Testosterone Enanthate - An Alternative to Synthetic Testosterone
Testosterone Enanthate, also known as Testosterone Citrate, and sold under various brand names including Testopril, Enlast, Provera, and Sharpog, is a chemical androgen that is commonly used in the treatment of erectile dysfunction in men as well as in the treatment of prostate cancer. It is also currently being used in hormone replacement therapy for transgendered men. Testosterone Enanthate (TUSD) is more expensive than synthetic testosterone because it is obtained from natural sources, hence its purity is reliable and it does not undergo any processing before it is released into the body. However, TUSD is said to have some disturbing effects on men's sex organs. Men taking Propecia for prostate cancer had reported severe adverse side effects such as increased body hair, increased facial and body hair, increased body fat, and increased sex drive.
Studies had shown that when Testosterone Enanthate is injected to the prostate, the testosterone levels decrease more slowly and their duration is longer lasting than that of testosterone. Testosterone Enanthate's half-life was measured at about four weeks which was within the range of normal. Side effects during the first few weeks of administration included mild nausea, increased body temperature, increased blood pressure, decreased sperm count, and increased skin sensitivity. In most cases, these symptoms resolved on their own. Over the course of six months, most reported slight increases in body weight.
Since these are the only known side effects, this compound has been marketed as a testosterone enanthate alternative instead of prescription androgen receptor agonists or testosterone transdermal patch. However, when compared to other anabolic steroids, there are many risk factors for the development of Testosterone Enanthate side effects. It has high levels of exposure to heat and light, which increases the risk for burns and scalding. When it is injected into the skin, there is a high risk for bacterial contamination. Although there have been very few studies on the health and safety risks of testosterone enanthate or when compared to other androgenic substances, you should discuss the risks with your doctor or health care provider before using this product.
What Are the Side Effects of Testosterone Enanthate?
Testosterone Enanthate is a bovine enzyme androgenic anabolic steroid drug that is used in the treatment of men with low testosterone concentrations. It's also frequently used in hormone replacement therapy for transgendered men. The reason why it's often used as a testosterone replacement drug is that it produces adequate levels of testosterone to normalize sexual vitality, libido and muscle mass. While it can be used as a dietary supplement to boost libido, certain side effects have been noted, so you should talk to your doctor before starting a program using Testosterone Enanthate as a replacement therapy. Some common side effects associated with Testosterone Enanthate are:
It's important to note that despite the possible benefits of Testosterone Enanthate when taken in moderation it could cause some unwanted side effects. One of the side effects of taking too much Testosterone Enanthate is liver toxicity, which results from a build up of the amino acid testerone. Liver toxicity is related to the excessive usage of anabolic steroids, particularly with long-term use. As Testosterone Enanthate is an anabolic steroid, it can build up in the body much faster than its estrogenic derivative counterpart, estrogen. If you're not careful, you could wind up with serious liver damage.

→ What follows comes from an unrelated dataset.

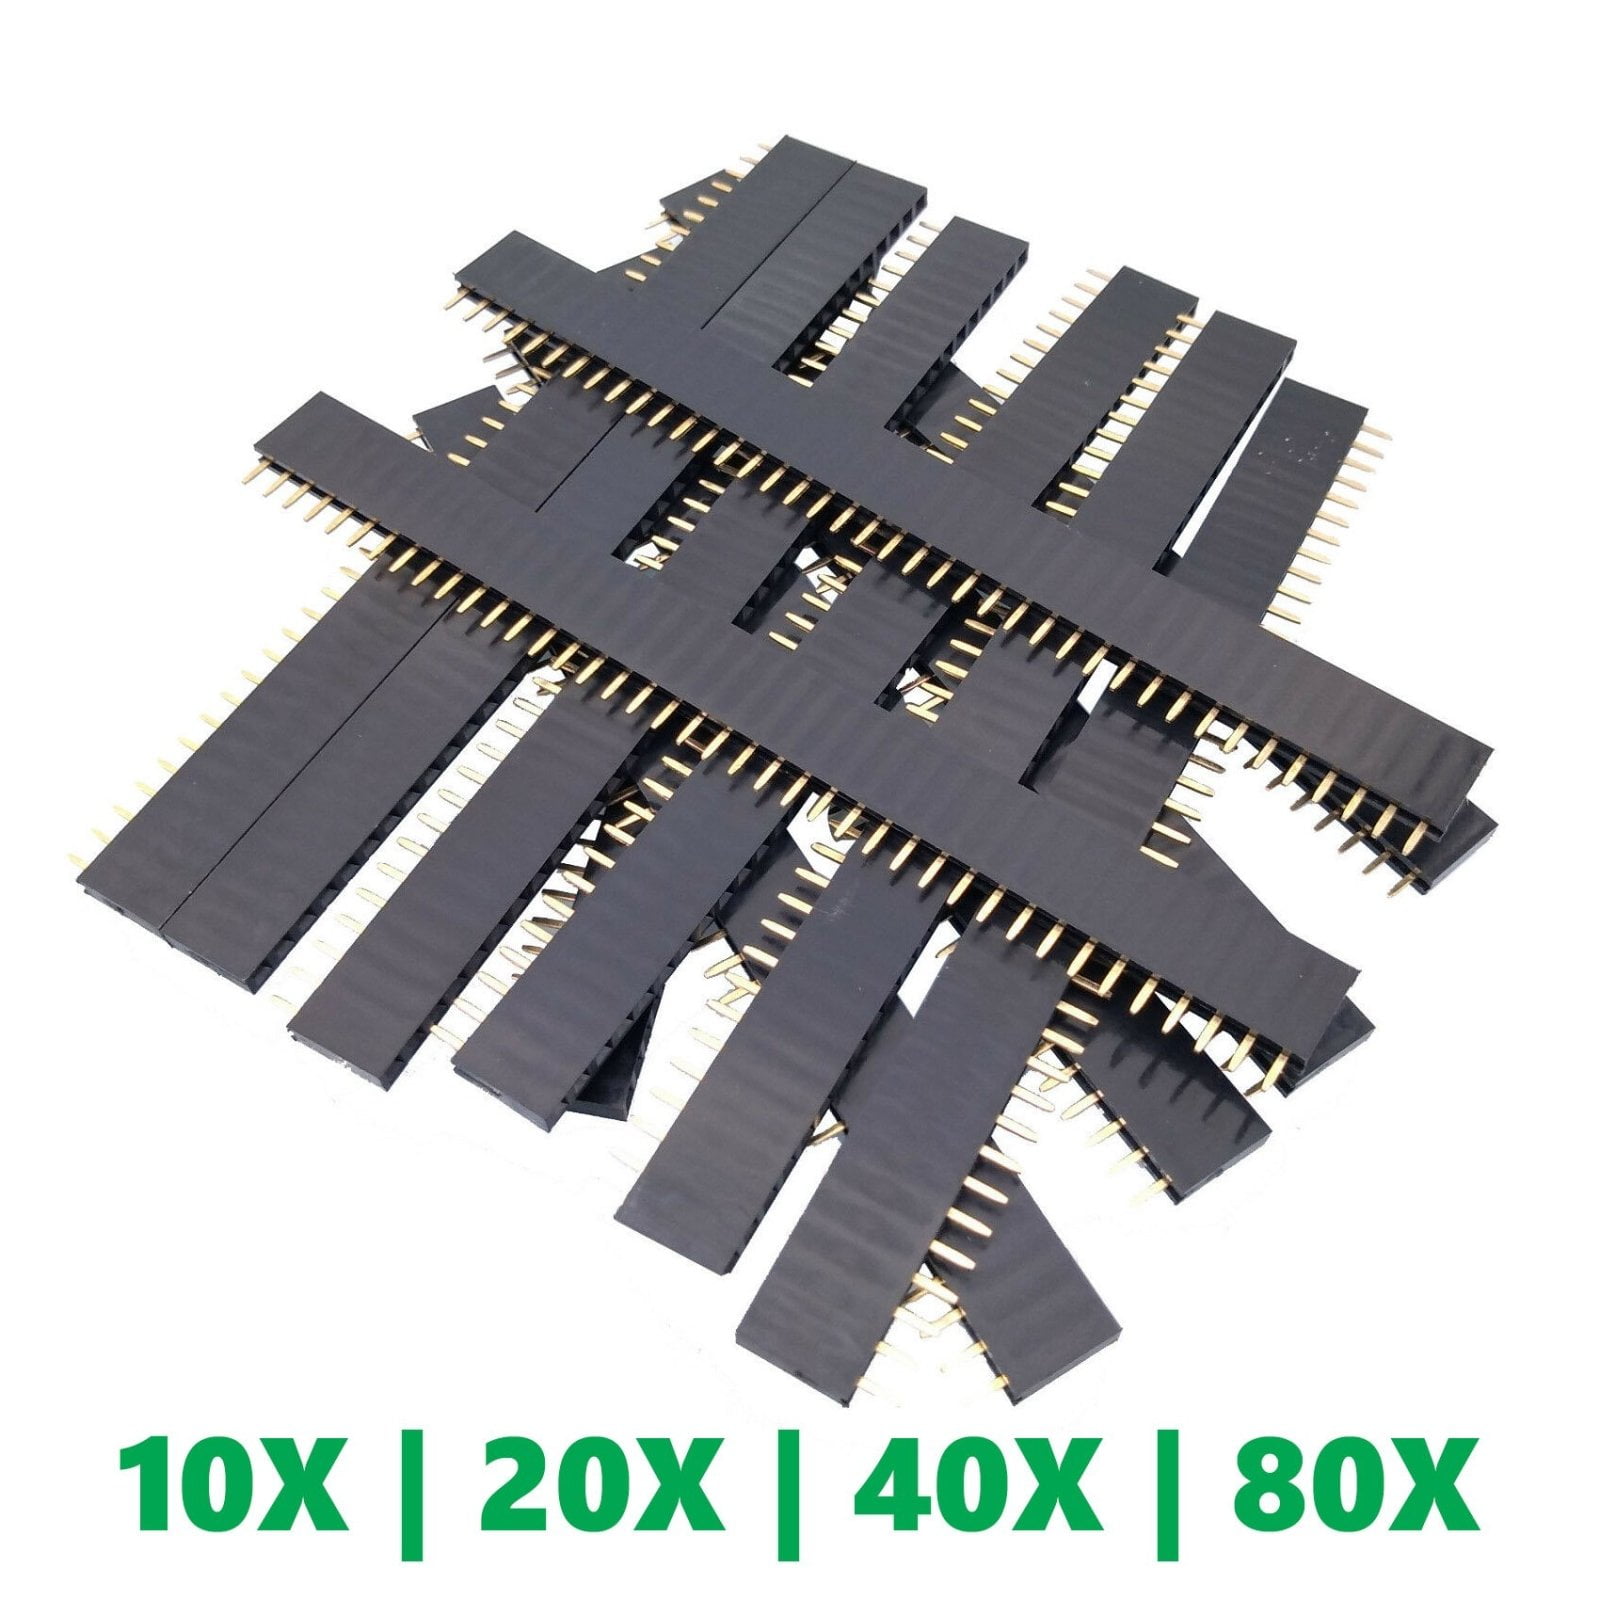 10 Pin Header Pins Strip PCB 0.1" 2.54mm for Arduino Breadboard

Another side effect of testosterone enanthate is that it can cause changes in cholesterol levels. While the degree of change is not yet established, it's known that some patients experience significant increases in their cholesterol levels when using the drug. For this reason, patients undergoing testosterone treatments should avoid foods which are known to increase cholesterol levels, including those containing significantly higher levels of saturated fat and sodium than are considered safe for consumption by most people. The same goes for fish oil, eggs and organ meats such as liver.
There are also some common androgen replacement therapy adverse effects. These include joint pain and swelling. It's important to note though that these are likely to be caused by high levels of dihydrotestosterone and not by the anabolic steroids. Similarly, hair loss is unlikely to be caused by Testosterone Enanthate. Hair loss can occur due to a number of factors including stress, overexposure to sunlight and diet.
Although Testosterone Enanthate is not generally regarded as an appropriate route for someone wanting to improve their size and muscle mass, it can be used to treat other conditions as well. In men, some evidence suggests that Testosterone Enanthate may be useful for increasing sperm count and quality. In women, some evidence suggests Testosterone Enanthate might be useful for the treatment of vaginal atrophy and shrinking of the ovaries. It has also been proposed that Testosterone Enanthate might have positive benefits in treating symptoms of pseudo-andropause, a condition where the male body no longer produces adequate levels of testosterone.
However, there is much evidence that the use of testosterone esters (or testosterone cypionate) is not only unlikely to have any beneficial result, but could cause serious side effects. For this reason it is strongly advised that you seek the guidance of your physician before starting any treatment involving testosterone esters or testosterone cypionate. The risks far outweigh the rewards.